Missed Hit by Pitch Brings Back Bad Memories

*I’m going to deviate a bit from my normal format this week, the What’s Next format should resume next week. Thank you for indulging me here.

The New York Yankees stand one loss away from elimination after a 10-3 loss last night at the hands of the Texas Rangers. There were plenty of places in this game where the Yankees cost themselves opportunities to win. Most of the national talking heads will focus of the situation that unfolded in the top of the sixth, but even after the Yankees trailed 7-3 in the eighth, what could have been their comeback rally was thwarted, not by a great defensive play, but by a possibly missed call.

Derek Holland, who had pitched wonderfully in relief of Tommy Hunter to that point, walked the first batter of the inning on five pitches. Holland was removed after his 56-pitch relief effort in favor of right hander Darren O’Day. After O’Day retired Marcus Thames via strikeout, he issued a walk to Alex Rodriguez. With a four run lead and only five outs to get, you simply cannot give the Yankees, of all teams, free baserunners. Clay Rapada was then summoned to face Robinson Cano, but he was no relief either, issuing a five-pitch walk to load the bases. Now just one swing away from a tie game, Ron Washington turned back to the bullpen for yet another left hander, veteran Darren Oliver, to face Nick Swisher.

Oliver’s 0-1 offering was a slider down and in. Swisher danced to get out of the way of the pitch, winding up chest down on the ground.
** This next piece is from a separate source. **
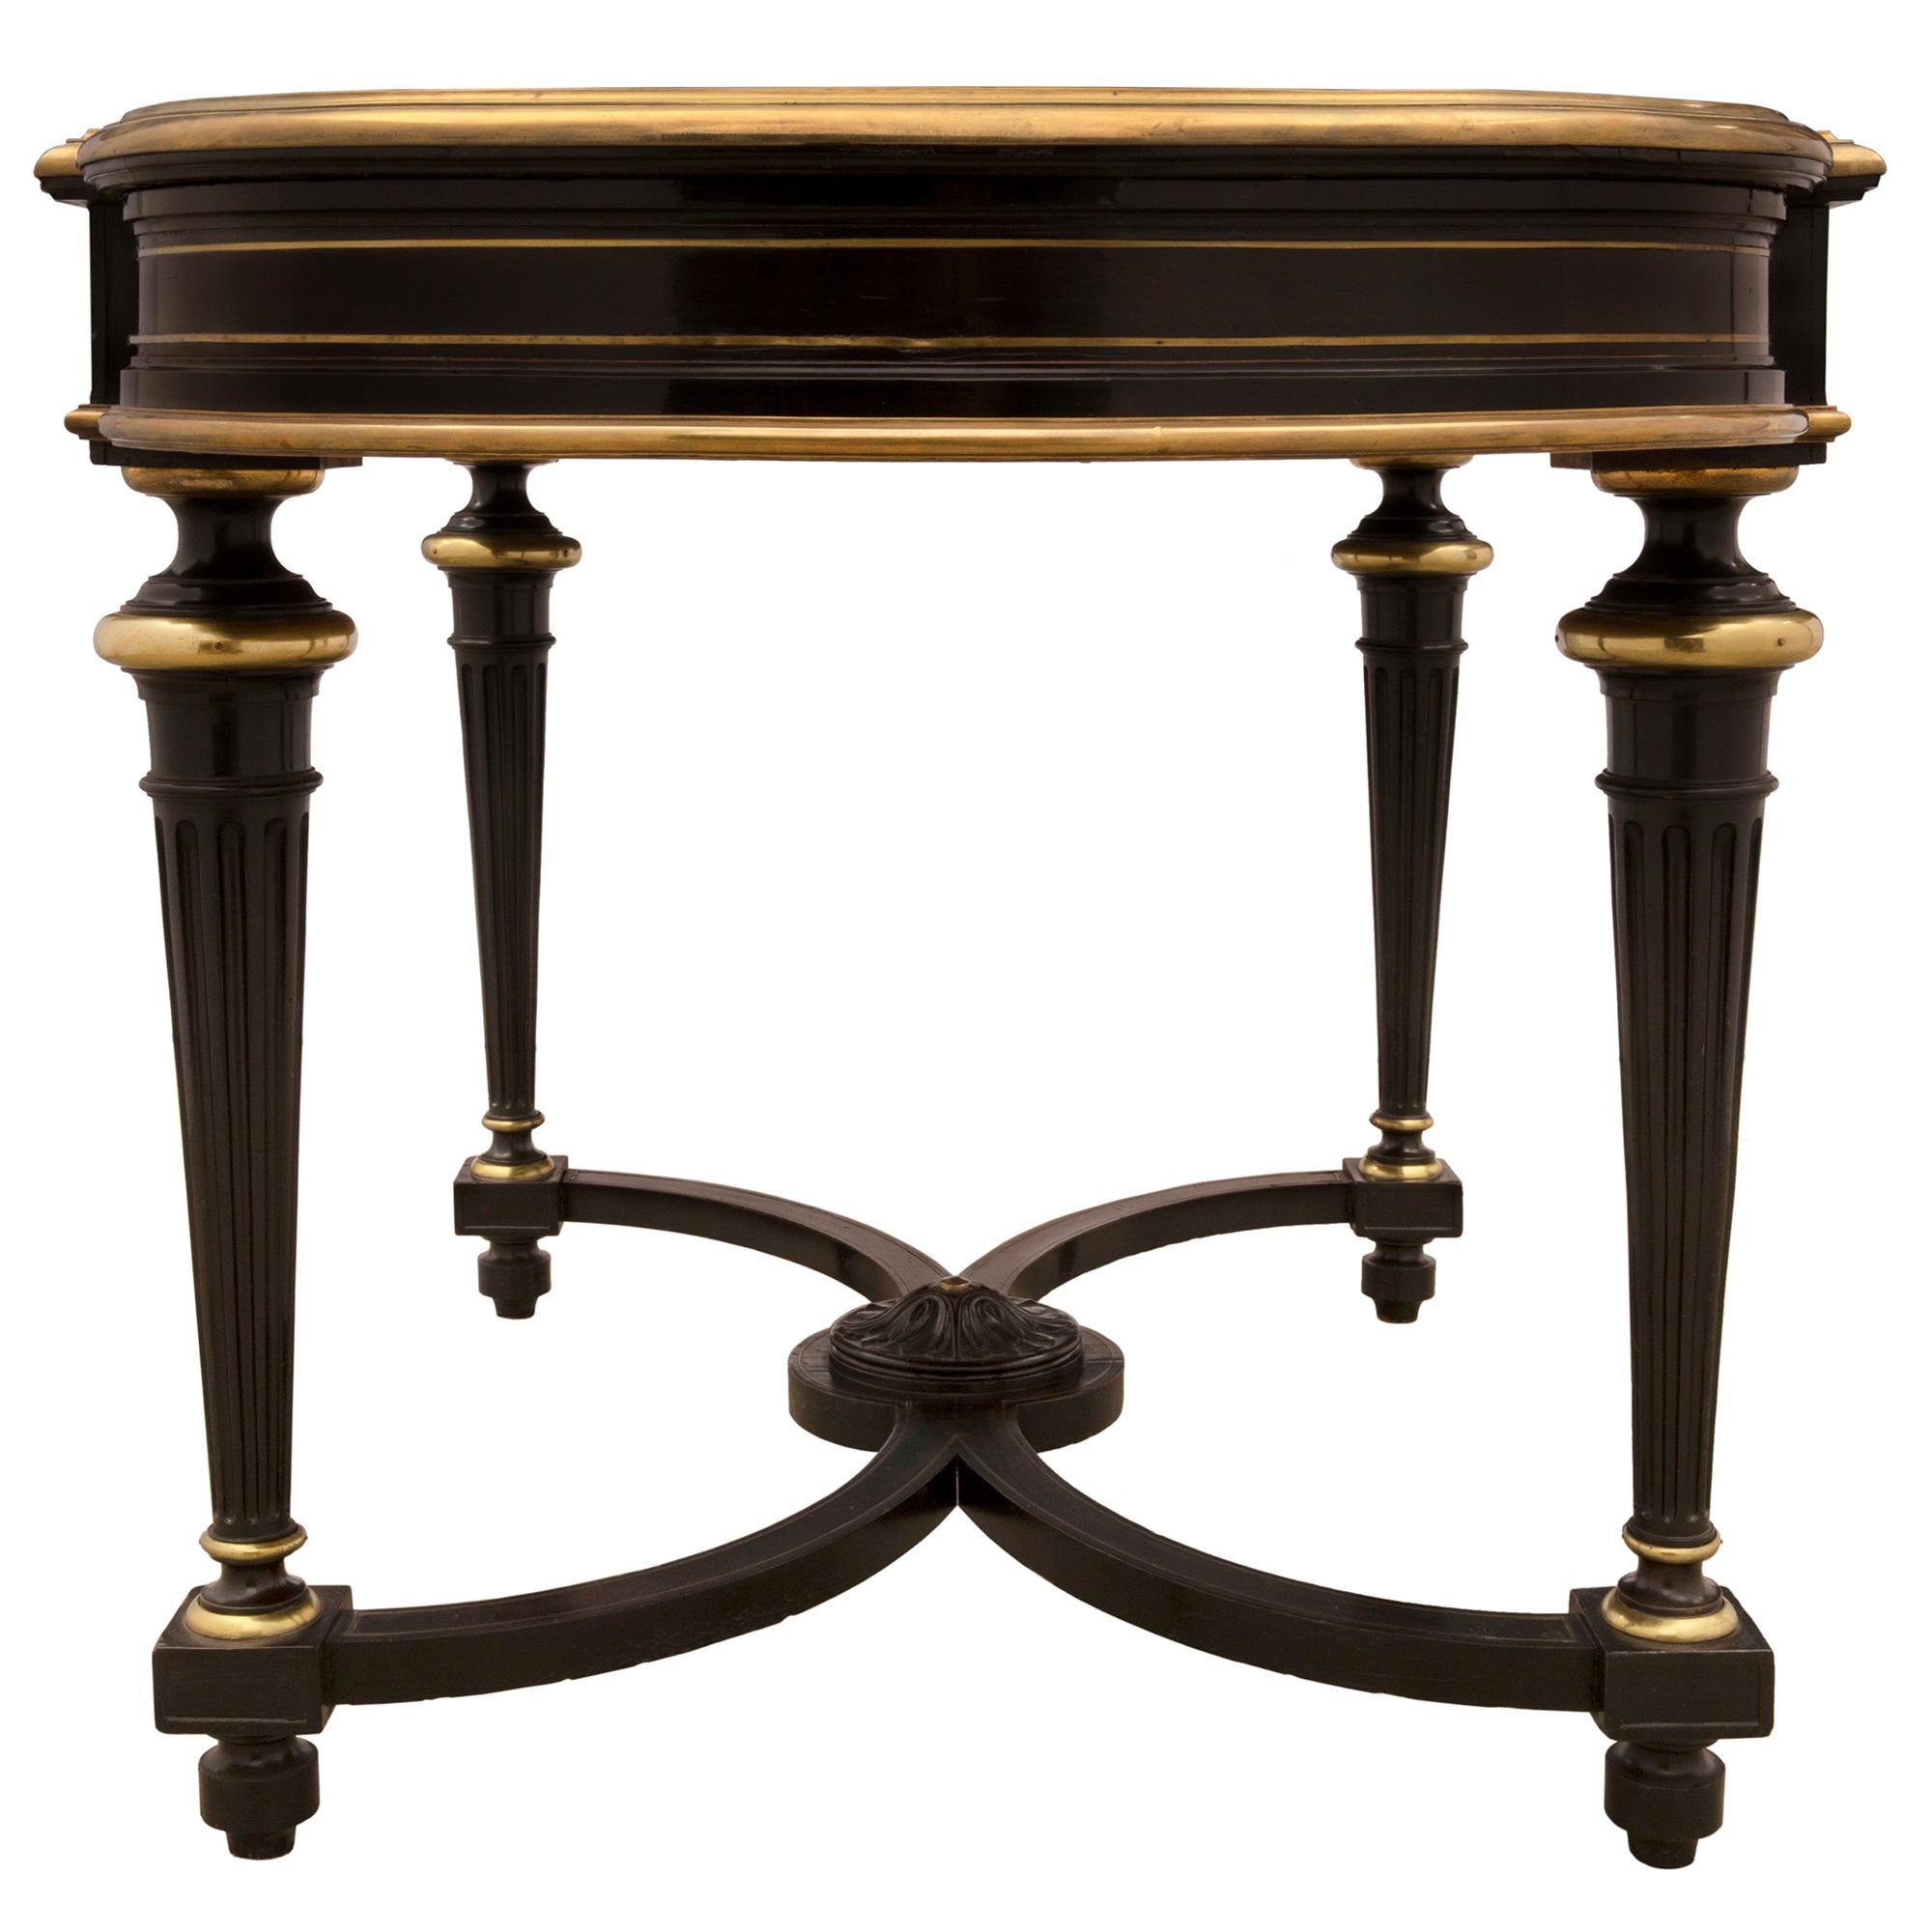 French 19th Century Napoleon III Period Ebony and Brass Inlaid Desk In Good Condition For Sale In West Palm Beach, FL

He almost immediately looked up at home plate umpire Angel Hernandez, motioning that the ball hat hit him in the leg. Hernandez would have none of it and Swisher didn’t push the issue, resuming his at bat. Several replay angles were shown and in my opinion, one that was shared by the TBS broadcast team, the pitch clearly did make contact with the uniform, though likely not the leg itself. But the uniform is part of the player and as such, Swisher should have been awarded first base, which also would have forced in a run and brought the go-ahead run to the plate with still just one out.

Instead, Swisher flied out harmlessly and Oliver retired the next batter to escape the jam. The Rangers would pile on with three more runs in the ninth and win going away.

Look, I’m not saying it was an easy call for Hernandez. As Crew Chief Gerry Davis said after the game, speaking about reviewing the play as umpires do once the game is over, “We looked at it. Obviously in Angel’s judgment, the ball had not hit him. We looked at the replay, and even from different angles, it’s inconclusive.” Nor am I saying that Swisher even knew the ball had in fact hit him, had he known for sure he may have made a stronger appeal to Hernandez. But if the correct call had been made, who knows what would have happened next.

Clearly, the momentum of the inning had swung to New York. The Rangers relievers, four of them in the inning, would have each given a base to a Yankee hitter. After blowing a five-run cushion in Game One, perhaps the Rangers bullpen would have folded under the pressure and surrendered yet another lead. The point is we don’t know what would have happened, and now we’ll never know.

As a Tigers fan, I despise the Yankees probably more than any other club, but I certainly can sympathize with them today. When the Tigers and Twins finished deadlocked at the top of the AL Central a year ago, they met in a classic Game 163 at the Metrodome. In the top of the 12th, in a 5-5 game, with the bases loaded and one out, Minnesota’s Bobby Keppel came inside with a fastball that caught a good amount of the jersey of Tigers third baseman Brandon Inge. Home plate umpire Randy Marsh said he didn’t see nay contact and called the pitch a ball. Inge protested, as did Tigers manager Jim Leyland, but to no avail. Inge would eventually ground into a force play and the Tigers failed to score in the inning. Eventually, what should have been a 6-5 Tigers lead became a 6-5 Tigers loss in 14 innings.

I consider myself a purist of sorts, at least when it comes to baseball. By purist I mean really that I like the rules the way were when I learned the game. I enjoyed the separation of the two leagues, I don’t care for interleague play. I like the DH, but I also like that the NL doesn’t use one. I have, however, come around to the expanded use of instant replay. In situations like this, where the action is stopped anyway, I can’t see a reason not to review the play.

As I said, the missed hit by pitch wasn’t necessarily the reason the Yankees wound up losing the game. Josh Hamilton‘s two home runs had a lot to do with that, as did the Bengie Molina shot I alluded to earlier, but this missed call might have changed the outcome if it were called differently, and isn’t that what we are trying to avoid?

I’m not saying I want to review every play. Calls on the bases and balls and strikes should be off-limits in my opinion. I’m okay with reviewing home runs calls and fair or foul boarder calls. The phantom hit by pitch that Derek Jeter executed so brilliantly last month, then another by Chase Utley in the NLDS, plus the missed HBP’s on both Inge and now Swisher, those should be reviewable as well. The action is already stopped, there are no baserunners that the umpires would have to arbitrarily place on different bags. There’s simply no reason not to do this.